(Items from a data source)
- - - -
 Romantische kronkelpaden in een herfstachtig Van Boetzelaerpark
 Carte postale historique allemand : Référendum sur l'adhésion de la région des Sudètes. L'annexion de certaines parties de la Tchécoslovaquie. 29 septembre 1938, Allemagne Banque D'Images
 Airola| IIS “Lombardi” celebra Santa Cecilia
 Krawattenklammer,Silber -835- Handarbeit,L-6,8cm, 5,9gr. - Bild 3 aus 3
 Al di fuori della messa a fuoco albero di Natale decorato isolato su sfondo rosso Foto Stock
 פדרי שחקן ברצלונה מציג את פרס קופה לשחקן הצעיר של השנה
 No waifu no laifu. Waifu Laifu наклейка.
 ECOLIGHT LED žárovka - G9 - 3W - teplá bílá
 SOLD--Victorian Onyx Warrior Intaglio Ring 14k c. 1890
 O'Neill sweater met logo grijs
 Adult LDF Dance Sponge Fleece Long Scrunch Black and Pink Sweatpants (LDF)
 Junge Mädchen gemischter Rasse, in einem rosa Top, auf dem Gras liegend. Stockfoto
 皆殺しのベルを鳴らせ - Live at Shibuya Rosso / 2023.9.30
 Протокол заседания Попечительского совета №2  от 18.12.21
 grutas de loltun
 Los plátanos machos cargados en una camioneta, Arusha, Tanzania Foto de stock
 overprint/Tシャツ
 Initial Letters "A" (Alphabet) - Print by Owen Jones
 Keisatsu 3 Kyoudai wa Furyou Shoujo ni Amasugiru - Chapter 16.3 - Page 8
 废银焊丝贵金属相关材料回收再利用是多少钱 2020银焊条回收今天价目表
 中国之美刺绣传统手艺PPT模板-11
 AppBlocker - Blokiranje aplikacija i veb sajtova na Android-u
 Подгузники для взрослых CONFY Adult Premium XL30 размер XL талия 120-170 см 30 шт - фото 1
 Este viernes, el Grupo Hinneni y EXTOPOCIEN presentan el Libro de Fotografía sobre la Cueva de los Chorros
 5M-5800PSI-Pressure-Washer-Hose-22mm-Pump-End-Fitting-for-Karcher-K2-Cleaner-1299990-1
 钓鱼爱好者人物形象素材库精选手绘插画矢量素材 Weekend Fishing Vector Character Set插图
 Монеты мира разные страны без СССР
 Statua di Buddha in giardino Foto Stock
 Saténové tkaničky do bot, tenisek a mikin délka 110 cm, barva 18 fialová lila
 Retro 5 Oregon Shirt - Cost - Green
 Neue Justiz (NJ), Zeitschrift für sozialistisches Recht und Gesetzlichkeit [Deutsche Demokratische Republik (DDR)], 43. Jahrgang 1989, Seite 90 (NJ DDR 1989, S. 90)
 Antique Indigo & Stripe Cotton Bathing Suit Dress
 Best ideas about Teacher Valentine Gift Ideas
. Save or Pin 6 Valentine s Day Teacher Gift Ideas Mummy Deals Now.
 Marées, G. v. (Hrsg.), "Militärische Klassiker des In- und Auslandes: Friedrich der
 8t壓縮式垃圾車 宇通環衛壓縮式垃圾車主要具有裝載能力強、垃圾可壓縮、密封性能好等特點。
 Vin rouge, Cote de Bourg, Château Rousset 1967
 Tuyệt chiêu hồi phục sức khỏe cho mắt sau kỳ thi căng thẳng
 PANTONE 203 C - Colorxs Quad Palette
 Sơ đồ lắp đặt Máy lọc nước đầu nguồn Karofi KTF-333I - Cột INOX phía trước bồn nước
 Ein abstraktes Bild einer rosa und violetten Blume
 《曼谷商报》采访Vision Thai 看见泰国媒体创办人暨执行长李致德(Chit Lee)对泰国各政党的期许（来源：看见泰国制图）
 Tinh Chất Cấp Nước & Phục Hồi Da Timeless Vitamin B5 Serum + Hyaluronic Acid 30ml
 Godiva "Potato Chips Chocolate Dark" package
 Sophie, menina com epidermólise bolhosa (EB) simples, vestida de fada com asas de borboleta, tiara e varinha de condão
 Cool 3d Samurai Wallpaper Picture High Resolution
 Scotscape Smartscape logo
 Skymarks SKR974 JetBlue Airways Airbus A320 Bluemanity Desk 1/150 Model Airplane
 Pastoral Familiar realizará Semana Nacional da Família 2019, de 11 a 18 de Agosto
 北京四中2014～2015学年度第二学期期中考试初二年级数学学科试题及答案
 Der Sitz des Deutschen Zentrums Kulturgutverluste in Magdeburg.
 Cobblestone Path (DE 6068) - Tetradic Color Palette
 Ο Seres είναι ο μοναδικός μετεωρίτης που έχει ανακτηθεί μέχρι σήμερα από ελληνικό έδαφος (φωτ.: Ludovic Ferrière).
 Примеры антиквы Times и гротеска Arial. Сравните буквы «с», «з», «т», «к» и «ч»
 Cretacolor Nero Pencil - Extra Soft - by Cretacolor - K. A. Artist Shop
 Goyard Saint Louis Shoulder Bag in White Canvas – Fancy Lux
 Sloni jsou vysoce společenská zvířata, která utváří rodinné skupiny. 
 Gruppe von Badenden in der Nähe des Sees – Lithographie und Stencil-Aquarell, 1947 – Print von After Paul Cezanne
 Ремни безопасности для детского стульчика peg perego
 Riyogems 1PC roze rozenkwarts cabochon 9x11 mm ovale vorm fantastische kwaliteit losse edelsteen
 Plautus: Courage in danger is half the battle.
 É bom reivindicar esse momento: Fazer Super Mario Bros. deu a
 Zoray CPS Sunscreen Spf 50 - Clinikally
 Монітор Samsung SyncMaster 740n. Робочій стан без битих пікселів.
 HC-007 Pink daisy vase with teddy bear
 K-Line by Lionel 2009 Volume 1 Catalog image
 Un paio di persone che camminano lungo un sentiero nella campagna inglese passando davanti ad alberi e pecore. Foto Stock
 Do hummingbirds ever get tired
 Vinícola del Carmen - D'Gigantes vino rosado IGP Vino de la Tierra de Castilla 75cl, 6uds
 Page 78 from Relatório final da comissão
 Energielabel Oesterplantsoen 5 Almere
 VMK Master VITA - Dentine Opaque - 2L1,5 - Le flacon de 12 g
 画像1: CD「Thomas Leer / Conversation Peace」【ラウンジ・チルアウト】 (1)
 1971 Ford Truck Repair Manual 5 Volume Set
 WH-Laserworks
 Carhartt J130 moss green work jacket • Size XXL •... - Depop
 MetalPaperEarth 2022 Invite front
- - - -
Could you give the data again, word for word?

 Romantische kronkelpaden in een herfstachtig Van Boetzelaerpark
 Carte postale historique allemand : Référendum sur l'adhésion de la région des Sudètes. L'annexion de certaines parties de la Tchécoslovaquie. 29 septembre 1938, Allemagne Banque D'Images
 Airola| IIS “Lombardi” celebra Santa Cecilia
 Krawattenklammer,Silber -835- Handarbeit,L-6,8cm, 5,9gr. - Bild 3 aus 3
 Al di fuori della messa a fuoco albero di Natale decorato isolato su sfondo rosso Foto Stock
 פדרי שחקן ברצלונה מציג את פרס קופה לשחקן הצעיר של השנה
 No waifu no laifu. Waifu Laifu наклейка.
 ECOLIGHT LED žárovka - G9 - 3W - teplá bílá
 SOLD--Victorian Onyx Warrior Intaglio Ring 14k c. 1890
 O'Neill sweater met logo grijs
 Adult LDF Dance Sponge Fleece Long Scrunch Black and Pink Sweatpants (LDF)
 Junge Mädchen gemischter Rasse, in einem rosa Top, auf dem Gras liegend. Stockfoto
 皆殺しのベルを鳴らせ - Live at Shibuya Rosso / 2023.9.30
 Протокол заседания Попечительского совета №2  от 18.12.21
 grutas de loltun
 Los plátanos machos cargados en una camioneta, Arusha, Tanzania Foto de stock
 overprint/Tシャツ
 Initial Letters "A" (Alphabet) - Print by Owen Jones
 Keisatsu 3 Kyoudai wa Furyou Shoujo ni Amasugiru - Chapter 16.3 - Page 8
 废银焊丝贵金属相关材料回收再利用是多少钱 2020银焊条回收今天价目表
 中国之美刺绣传统手艺PPT模板-11
 AppBlocker - Blokiranje aplikacija i veb sajtova na Android-u
 Подгузники для взрослых CONFY Adult Premium XL30 размер XL талия 120-170 см 30 шт - фото 1
 Este viernes, el Grupo Hinneni y EXTOPOCIEN presentan el Libro de Fotografía sobre la Cueva de los Chorros
 5M-5800PSI-Pressure-Washer-Hose-22mm-Pump-End-Fitting-for-Karcher-K2-Cleaner-1299990-1
 钓鱼爱好者人物形象素材库精选手绘插画矢量素材 Weekend Fishing Vector Character Set插图
 Монеты мира разные страны без СССР
 Statua di Buddha in giardino Foto Stock
 Saténové tkaničky do bot, tenisek a mikin délka 110 cm, barva 18 fialová lila
 Retro 5 Oregon Shirt - Cost - Green
 Neue Justiz (NJ), Zeitschrift für sozialistisches Recht und Gesetzlichkeit [Deutsche Demokratische Republik (DDR)], 43. Jahrgang 1989, Seite 90 (NJ DDR 1989, S. 90)
 Antique Indigo & Stripe Cotton Bathing Suit Dress
 Best ideas about Teacher Valentine Gift Ideas
. Save or Pin 6 Valentine s Day Teacher Gift Ideas Mummy Deals Now.
 Marées, G. v. (Hrsg.), "Militärische Klassiker des In- und Auslandes: Friedrich der
 8t壓縮式垃圾車 宇通環衛壓縮式垃圾車主要具有裝載能力強、垃圾可壓縮、密封性能好等特點。
 Vin rouge, Cote de Bourg, Château Rousset 1967
 Tuyệt chiêu hồi phục sức khỏe cho mắt sau kỳ thi căng thẳng
 PANTONE 203 C - Colorxs Quad Palette
 Sơ đồ lắp đặt Máy lọc nước đầu nguồn Karofi KTF-333I - Cột INOX phía trước bồn nước
 Ein abstraktes Bild einer rosa und violetten Blume
 《曼谷商报》采访Vision Thai 看见泰国媒体创办人暨执行长李致德(Chit Lee)对泰国各政党的期许（来源：看见泰国制图）
 Tinh Chất Cấp Nước & Phục Hồi Da Timeless Vitamin B5 Serum + Hyaluronic Acid 30ml
 Godiva "Potato Chips Chocolate Dark" package
 Sophie, menina com epidermólise bolhosa (EB) simples, vestida de fada com asas de borboleta, tiara e varinha de condão
 Cool 3d Samurai Wallpaper Picture High Resolution
 Scotscape Smartscape logo
 Skymarks SKR974 JetBlue Airways Airbus A320 Bluemanity Desk 1/150 Model Airplane
 Pastoral Familiar realizará Semana Nacional da Família 2019, de 11 a 18 de Agosto
 北京四中2014～2015学年度第二学期期中考试初二年级数学学科试题及答案
 Der Sitz des Deutschen Zentrums Kulturgutverluste in Magdeburg.
 Cobblestone Path (DE 6068) - Tetradic Color Palette
 Ο Seres είναι ο μοναδικός μετεωρίτης που έχει ανακτηθεί μέχρι σήμερα από ελληνικό έδαφος (φωτ.: Ludovic Ferrière).
 Примеры антиквы Times и гротеска Arial. Сравните буквы «с», «з», «т», «к» и «ч»
 Cretacolor Nero Pencil - Extra Soft - by Cretacolor - K. A. Artist Shop
 Goyard Saint Louis Shoulder Bag in White Canvas – Fancy Lux
 Sloni jsou vysoce společenská zvířata, která utváří rodinné skupiny. 
 Gruppe von Badenden in der Nähe des Sees – Lithographie und Stencil-Aquarell, 1947 – Print von After Paul Cezanne
 Ремни безопасности для детского стульчика peg perego
 Riyogems 1PC roze rozenkwarts cabochon 9x11 mm ovale vorm fantastische kwaliteit losse edelsteen
 Plautus: Courage in danger is half the battle.
 É bom reivindicar esse momento: Fazer Super Mario Bros. deu a
 Zoray CPS Sunscreen Spf 50 - Clinikally
 Монітор Samsung SyncMaster 740n. Робочій стан без битих пікселів.
 HC-007 Pink daisy vase with teddy bear
 K-Line by Lionel 2009 Volume 1 Catalog image
 Un paio di persone che camminano lungo un sentiero nella campagna inglese passando davanti ad alberi e pecore. Foto Stock
 Do hummingbirds ever get tired
 Vinícola del Carmen - D'Gigantes vino rosado IGP Vino de la Tierra de Castilla 75cl, 6uds
 Page 78 from Relatório final da comissão
 Energielabel Oesterplantsoen 5 Almere
 VMK Master VITA - Dentine Opaque - 2L1,5 - Le flacon de 12 g
 画像1: CD「Thomas Leer / Conversation Peace」【ラウンジ・チルアウト】 (1)
 1971 Ford Truck Repair Manual 5 Volume Set
 WH-Laserworks
 Carhartt J130 moss green work jacket • Size XXL •... - Depop
 MetalPaperEarth 2022 Invite front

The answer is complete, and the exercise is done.